Ryan Lizza misses the plank in eyes of his own.

CNN’s Anderson Cooper brought together his usual panel of political experts earlier this week to discuss Kellyanne Conway’s contentious interview with Jake Tapper. Conway asserted that several media outlets broadcast fake news about the Trump Administration.

During the discussion, Jeffrey Lord had an exchange with Ryan Lizza of The New Yorker, in which Lord claimed the media’s approval ratings were lower than the notoriously bad congressional approval numbers. The typically oblivious Lizza responded that Trump is, “the President of the United States. We [the media] can get things wrong. We’re just journalists […] But he should be held to the highest standard.”

Earlier, Lizza had delivered an elegant soliloquy about the supposed sacrosanct role journalism plays in a free society. Aside from its sanctimony, this claim is also painfully inaccurate. When you think about it, journalism has almost always been a rather disreputable pursuit. John Wayne as Tom Doniphon in The Man Who Shot Liberty Valance delivered the best answer to these kinds of specious speeches:

From yellow journalism to sensational tabloids, the news media has always been closer to the world’s oldest profession (as the great Bobby Knight once asserted) than it has been to fighting for The People. Indeed, terms like “yellow journalism” or the phrase, “If it bleeds, it leads” are more than just fanciful descriptions for an otherwise worthy pursuit. They offer fairly accurate to descriptions of the generally sordid history of American journalism.

How can Lizza explain let alone justify the New York Times opinion editor, Jim Rutenberg, calling for all journalists to abandon their purported objectivity during the 2016 campaign and write stories that were explicitly anti-Trump?

Then again, lies and inaccuracies have defined journalism going back to the times of George Washington. While Washington began his presidency widely revered, by the end of his administration, America’s first president faced a fairly hostile partisan press corps. The reason for Washington’s fall from universal acclaim? He wanted to avert a war with France in 1794 and he wanted to avoid allowing factionalism to dominate the politics of the young American republic.
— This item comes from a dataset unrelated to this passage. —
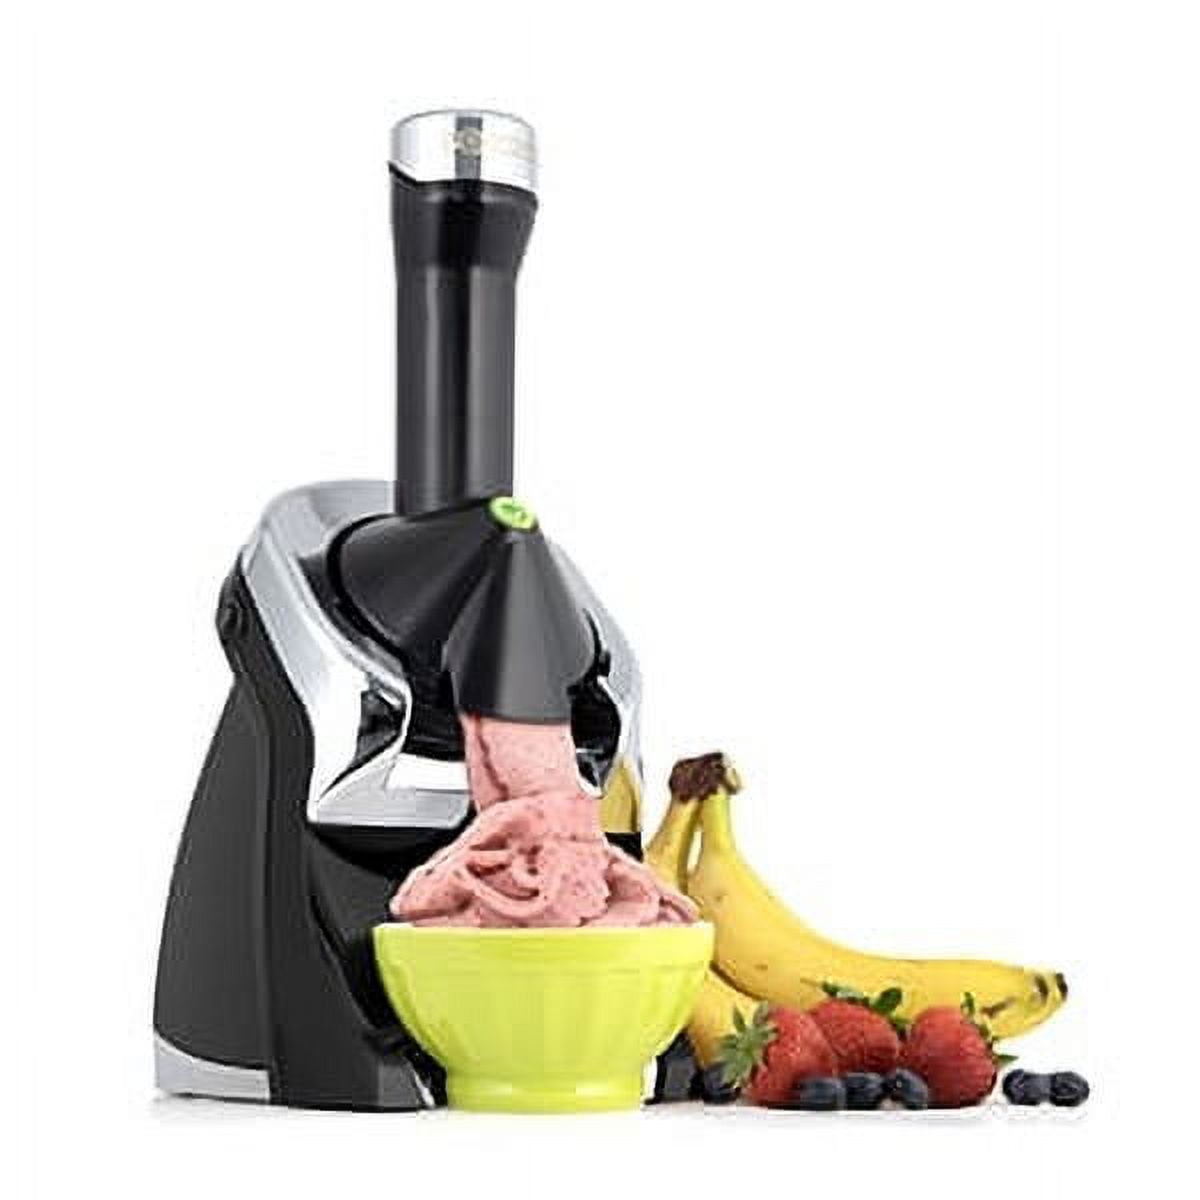 Yonanas 902RD Classic Vegan, Dairy-Free Frozen Fruit Soft Serve Maker,  Includes 36 Recipes, 200-Watts, Red

As Michael Beschloss documents in his phenomenal book, Presidential Courage: Brave Leaders and How They Changed America 1789-1989, Washington sent John Jay to negotiate a secret treaty with the French in 1794. This was in order to prevent all-out war with the far superior forces of France. It was also to avoid having to turn the U.S. into a quasi-vassal state of the British Empire (the United States, being weaker militarily than France was, would have had to beg for British help in the event of war).

After the treaty was made public, the furor from its opponents was so great that many newspapers ran cartoons of President Washington being marched to the guillotine. Many newsmen wrote accusatory screeds claiming Washington had been bribed by the French to make the treaty.

In fact, one newspaper ran an op-ed penned by veterans of the Revolutionary War that read, “A speedy death to General Washington!” Still more columnists of the day accused the president of an historical version of stolen valor: these journalists said that he didn’t do all that he claimed to have done during the Revolutionary War.

The news media was so partisan during the Civil War that Abraham Lincoln identified several newspapers as serving the interests of the Confederacy. Indeed, the press was so overtly one-sided that Lincoln jailed several reporters who, he claimed, posed a security threat to the Union during the course of the Civil War. As Union General Ambrose Burnside famously quipped, “newspapers are full of treasonous expression.”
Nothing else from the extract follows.